GIVEN MATERIAL:
⁂

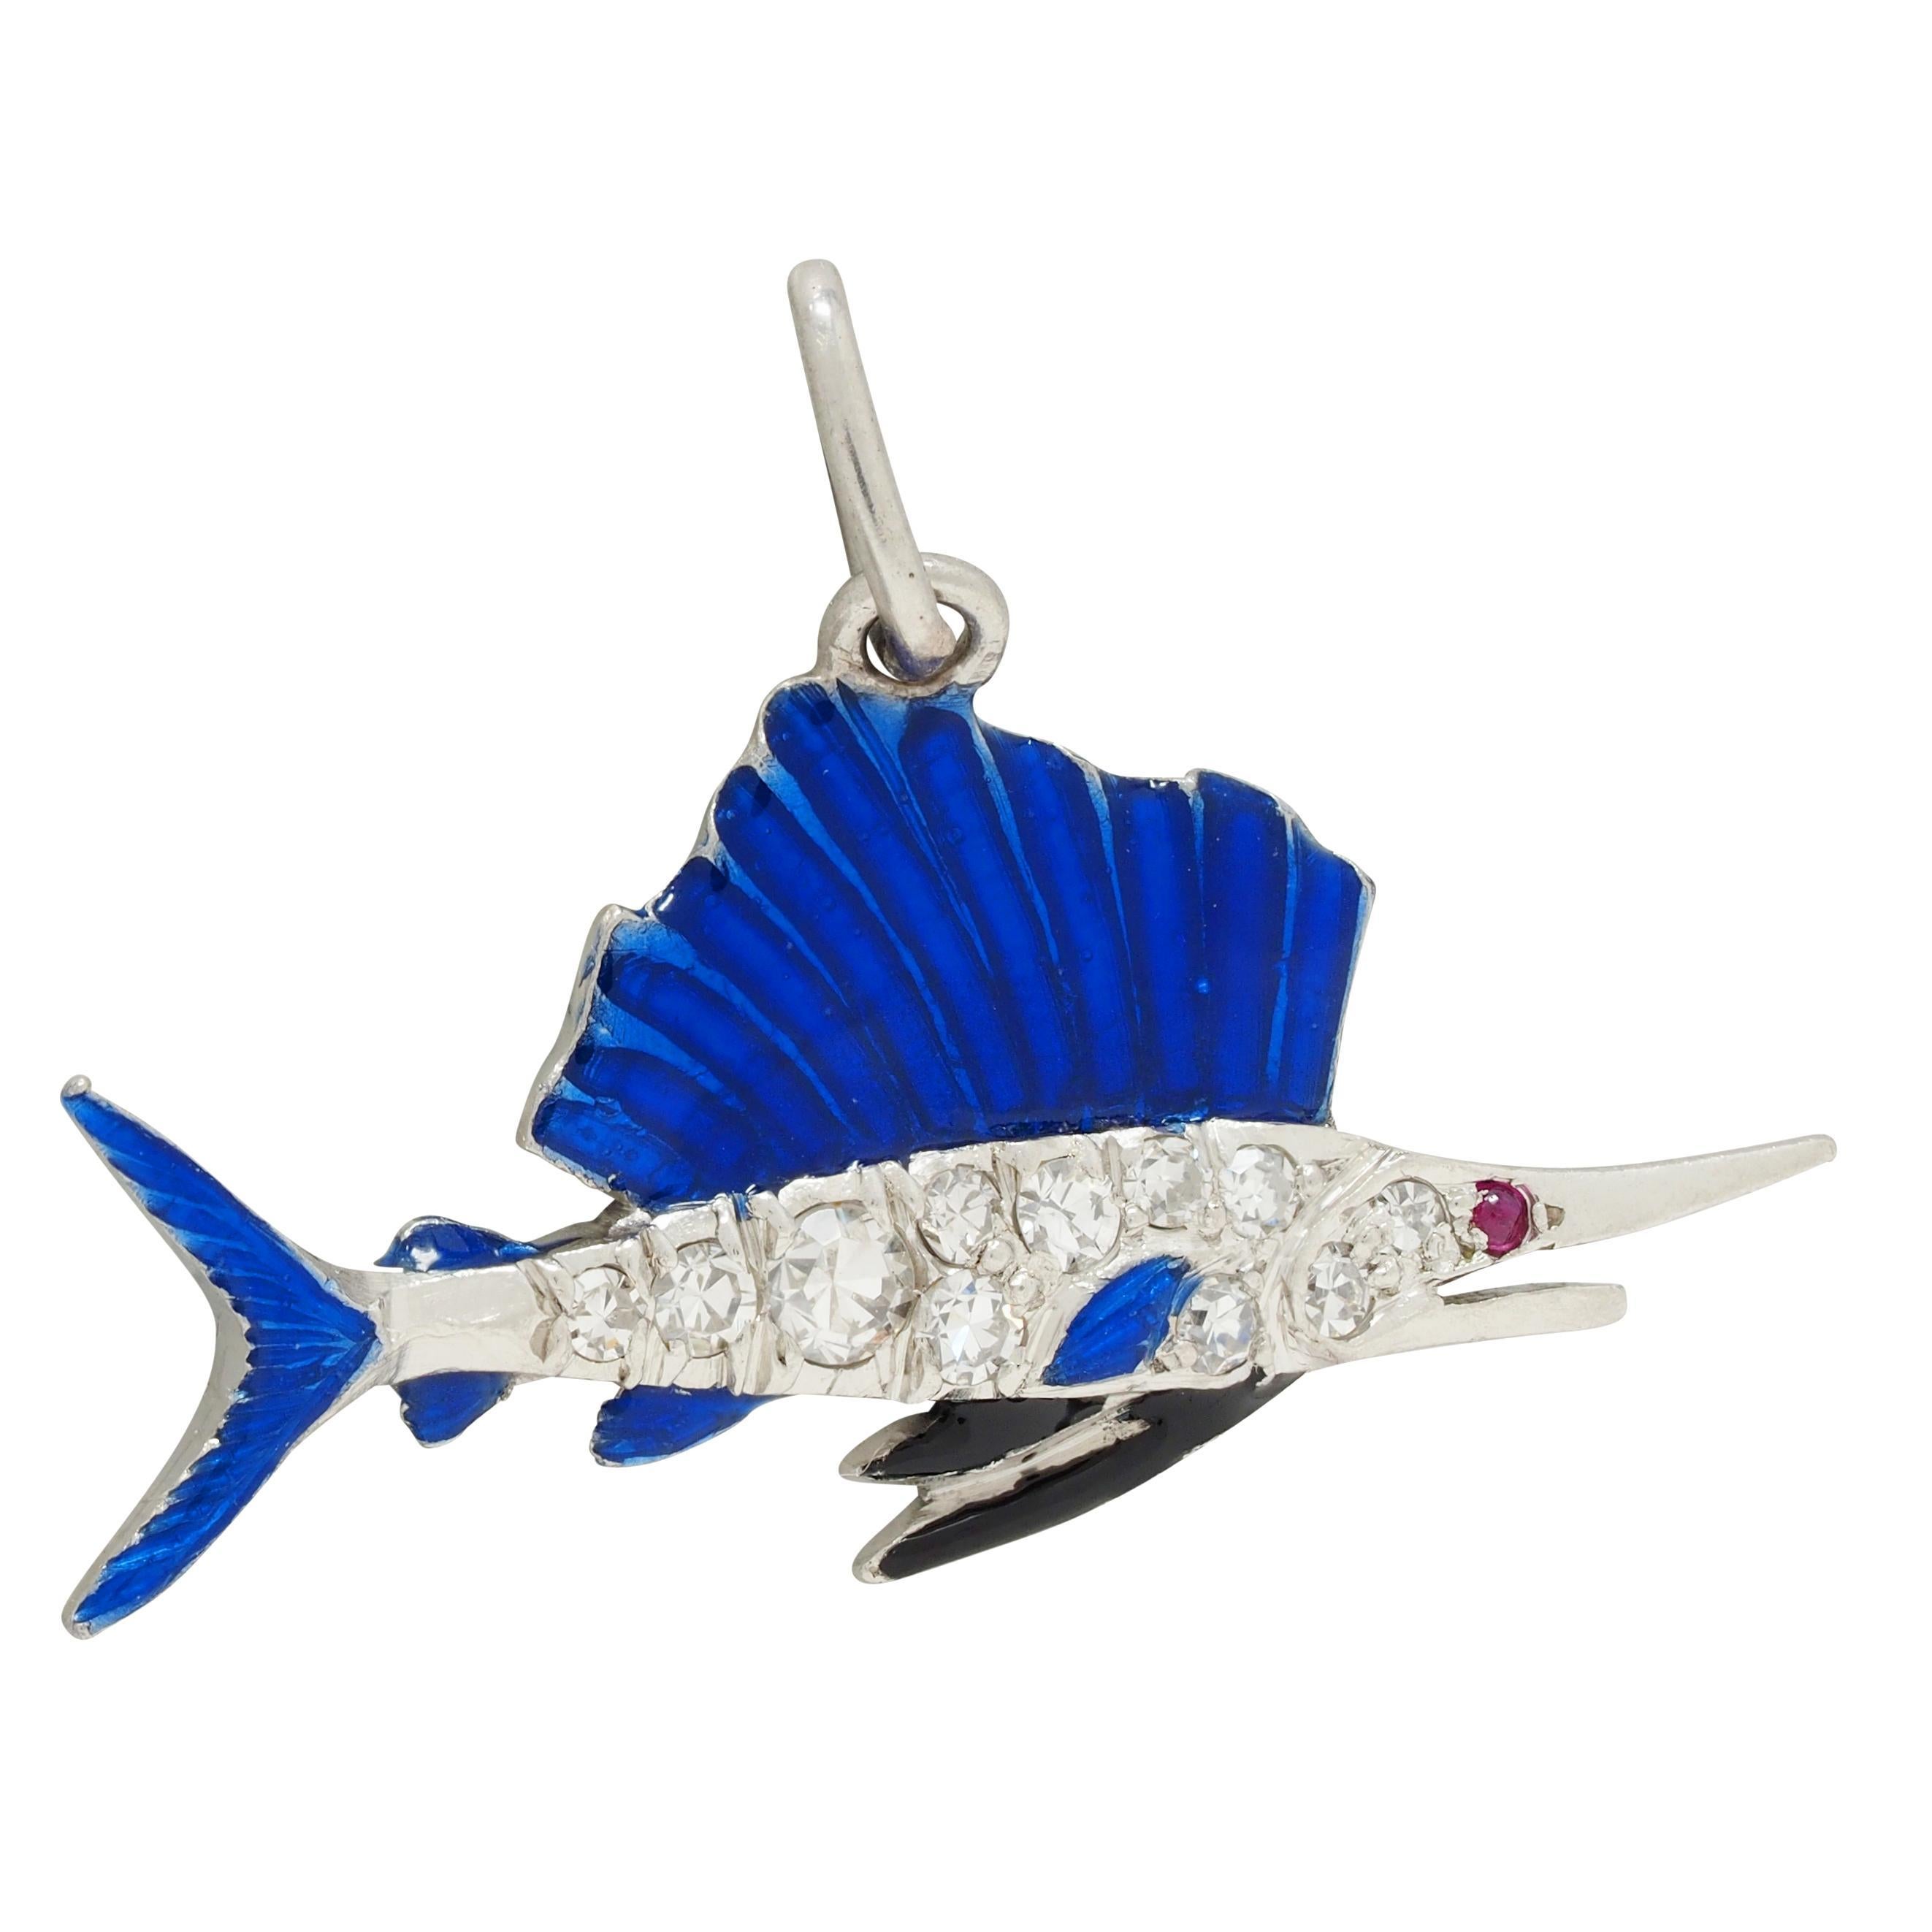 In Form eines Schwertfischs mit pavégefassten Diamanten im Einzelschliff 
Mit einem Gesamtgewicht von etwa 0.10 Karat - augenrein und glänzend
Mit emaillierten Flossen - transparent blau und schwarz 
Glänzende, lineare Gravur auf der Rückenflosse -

⁂

Without including any picture, set down every line above exactly as it stands.

FINAL ANSWER:
 In Form eines Schwertfischs mit pavégefassten Diamanten im Einzelschliff 
Mit einem Gesamtgewicht von etwa 0.10 Karat - augenrein und glänzend
Mit emaillierten Flossen - transparent blau und schwarz 
Glänzende, lineare Gravur auf der Rückenflosse -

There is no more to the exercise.